§ **Exercise directions**
I would like the lines below, from the one with "Neymar é capa" through the one with "Microscopia per studenti", copied exactly and without any pictures.

§ **Supplied records**

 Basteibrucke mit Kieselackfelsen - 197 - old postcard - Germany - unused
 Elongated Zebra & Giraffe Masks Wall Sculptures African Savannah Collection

* * *

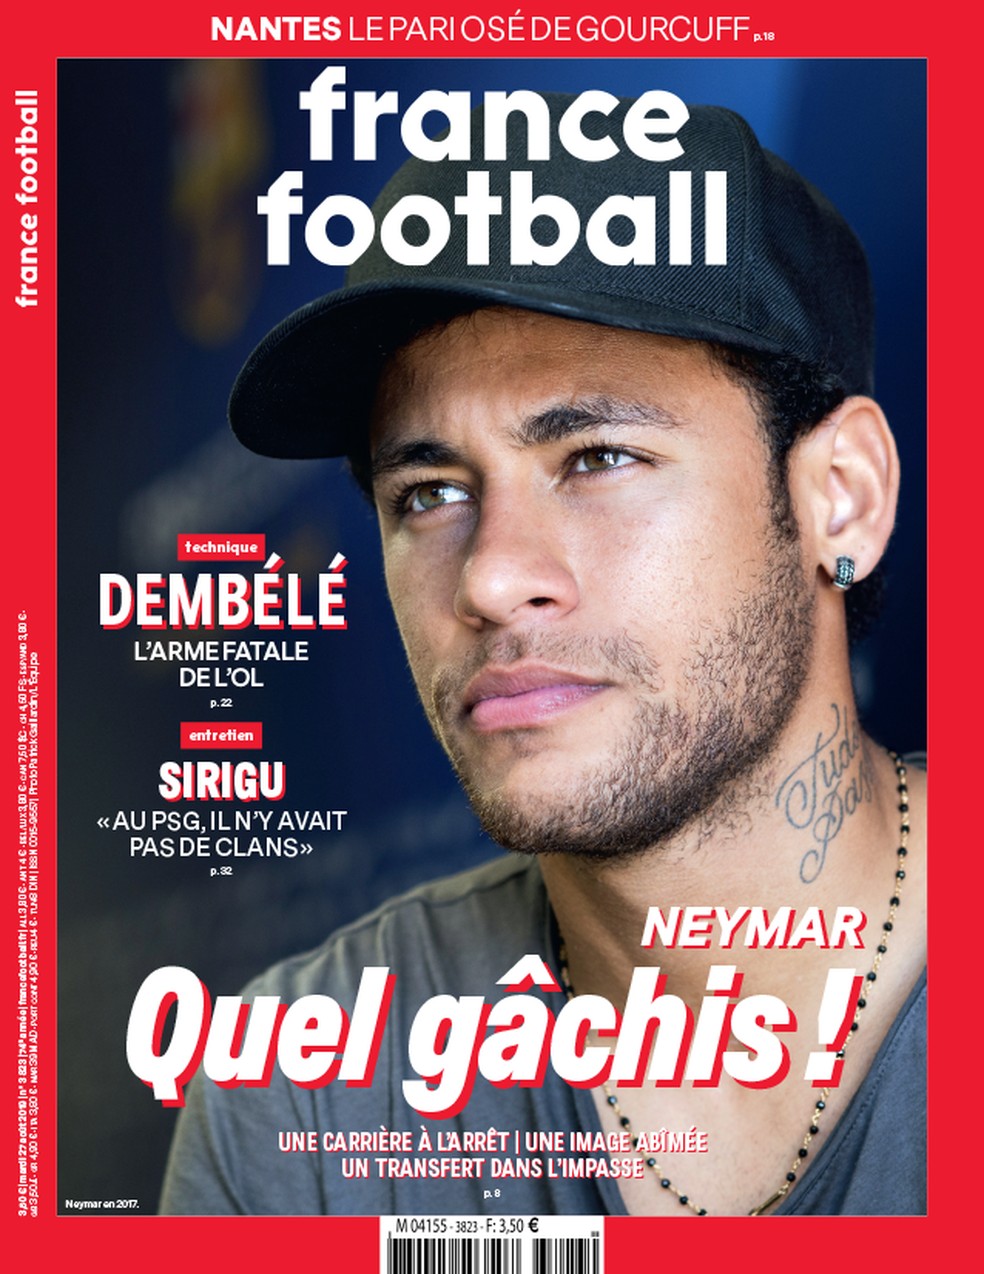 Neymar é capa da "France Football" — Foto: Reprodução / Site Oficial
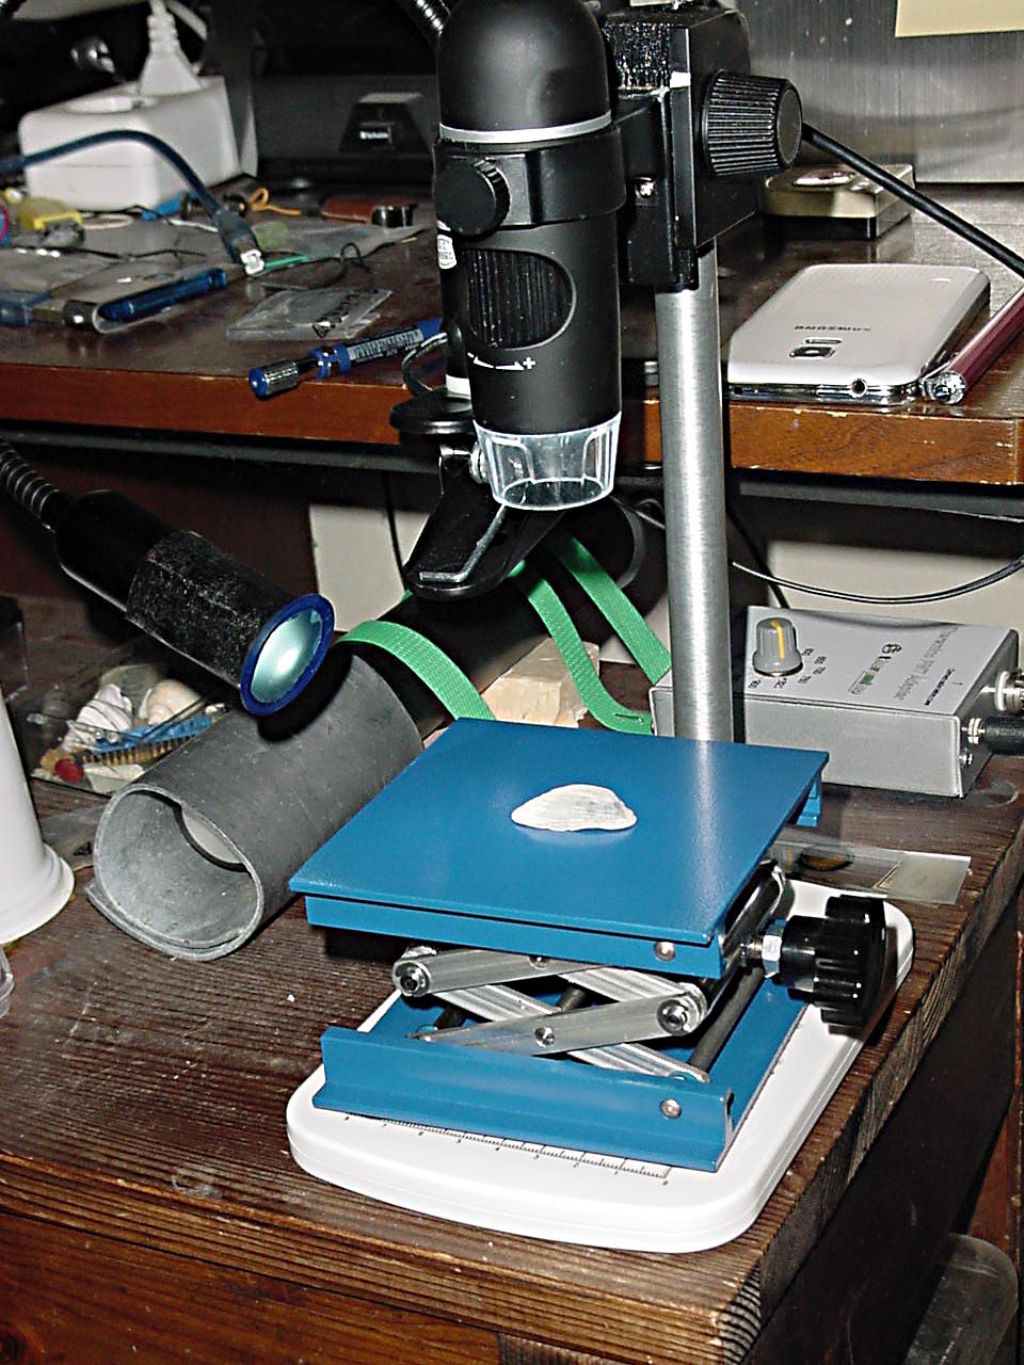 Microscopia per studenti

==

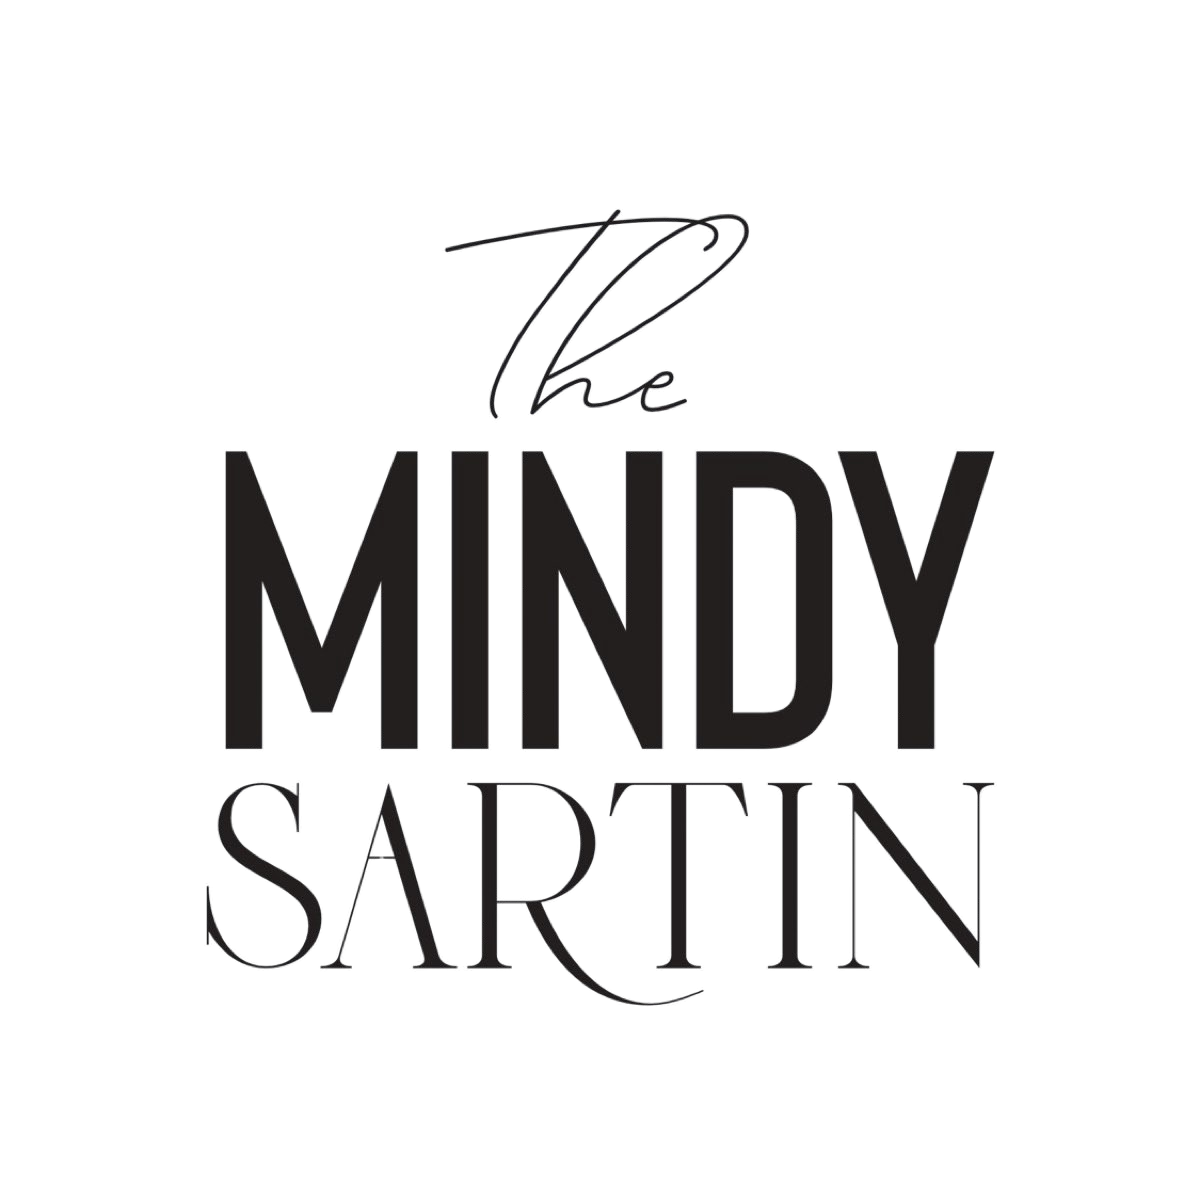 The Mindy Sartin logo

§ **Answer section**
 Neymar é capa da "France Football" — Foto: Reprodução / Site Oficial
 Microscopia per studenti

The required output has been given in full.